The 219133 monoclonal antibody specifically recognizes C-type lectin-like receptor 2 (CLEC-2). CLEC-2 is a ~32 kDa type II transmembrane glycoprotein that is encoded by CLEC1B (C-type lectin domain family 1 member B). CLEC-2 (CLEC1B) is expressed on platelets, megakaryocytes, and myeloid cells. The extracellular domain of this molecule contains a single carbohydrate recognition domain (CRD), whereas the cytoplasmic region contains a YXXL amino acid signaling motif which is also known as a hem-immunoreceptor tyrosine-based activation motif (hemITAM). Podoplanin binding to CLEC-2 (CLEC1B) leads to the transduction of tyrosine kinase signaling that can play roles in the activation and aggregation of platelets, tumor metastasis, or the formation of lymphatic vessels. CLEC-2 (CLEC1B) also serves as a receptor for the rhodocytin, a platelet-aggregating snake venom protein, or as a co-receptor for the attachment human immunodeficiency virus type 1 (HIV-1).

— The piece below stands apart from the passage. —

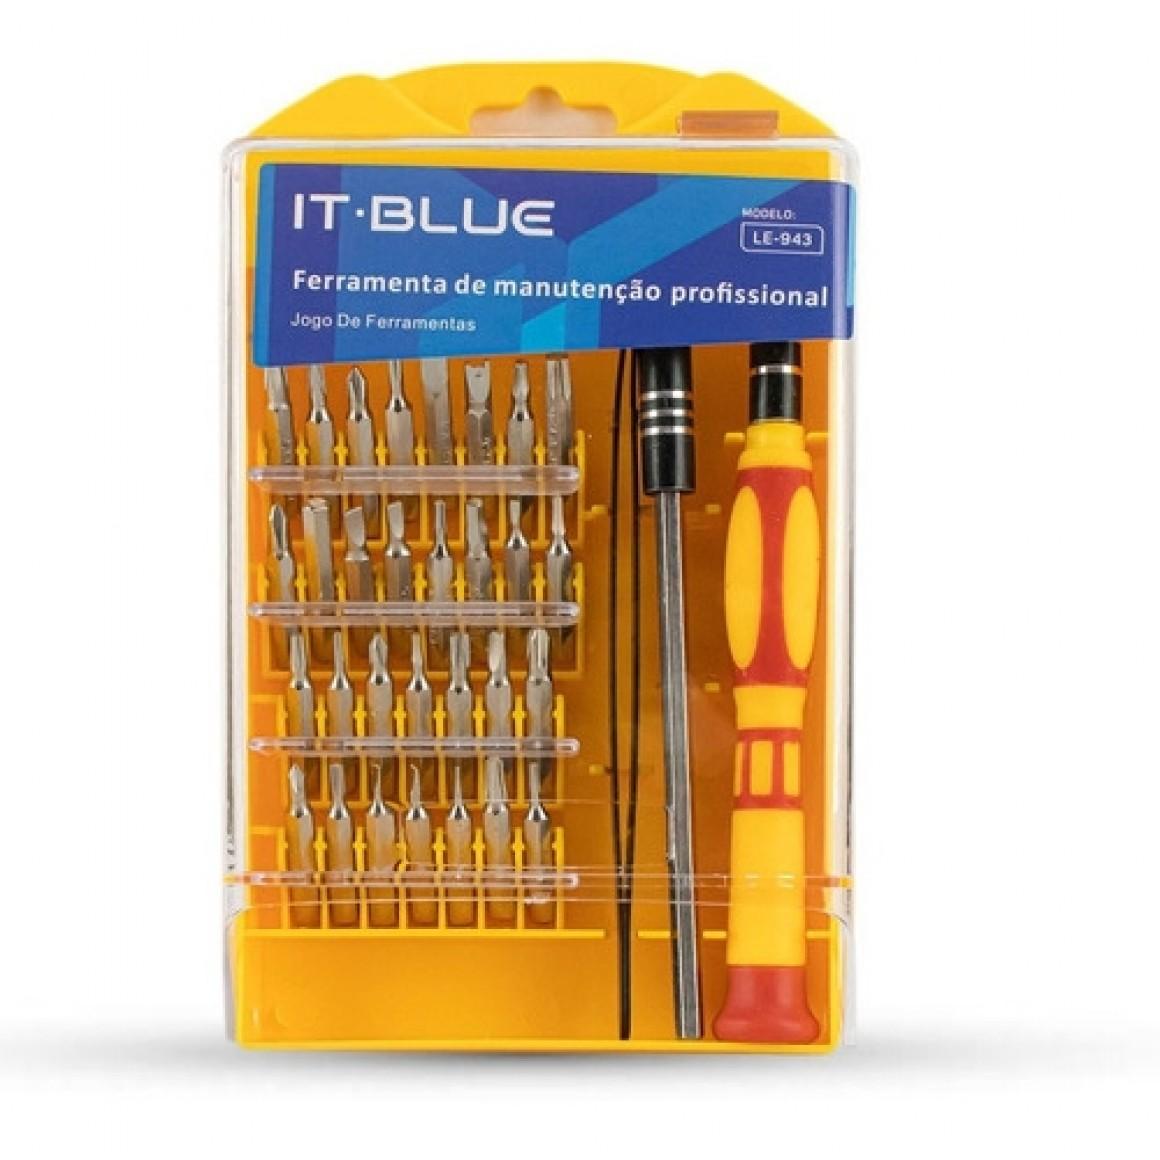 Kit Ferramenta 30 Em 1 It.Blue Le-943

The antibody was conjugated to BD Horizon™ BUV661 which is part of the BD Horizon Brilliant™ Ultraviolet family of dyes. This dye is a tandem fluorochrome of BD Horizon BUV395 with an Ex Max of 348-nm and an acceptor dye with an Em Max at 661-nm. BD Horizon Brilliant BUV661 can be excited by the ultraviolet laser (355 nm) and detected with a 670/25 filter and a 630 nm LP. Due to cross laser excitation of this dye, there may be significant spillover into channels detecting APC-like emissions (eg, 670/25-nm filter).
Due to spectral differences between labeled cells and beads, using BD™ CompBeads can result in incorrect spillover values when used with BD Horizon BUV661 reagents. Therefore, the use of BD CompBeads or BD CompBeads Plus to determine spillover values for these reagents is not recommended. Different BUV661 reagents (eg, CD4 vs. CD45) can have slightly different fluorescence spillover therefore, it may also be necessary to use clone-specific compensation controls when using these reagents.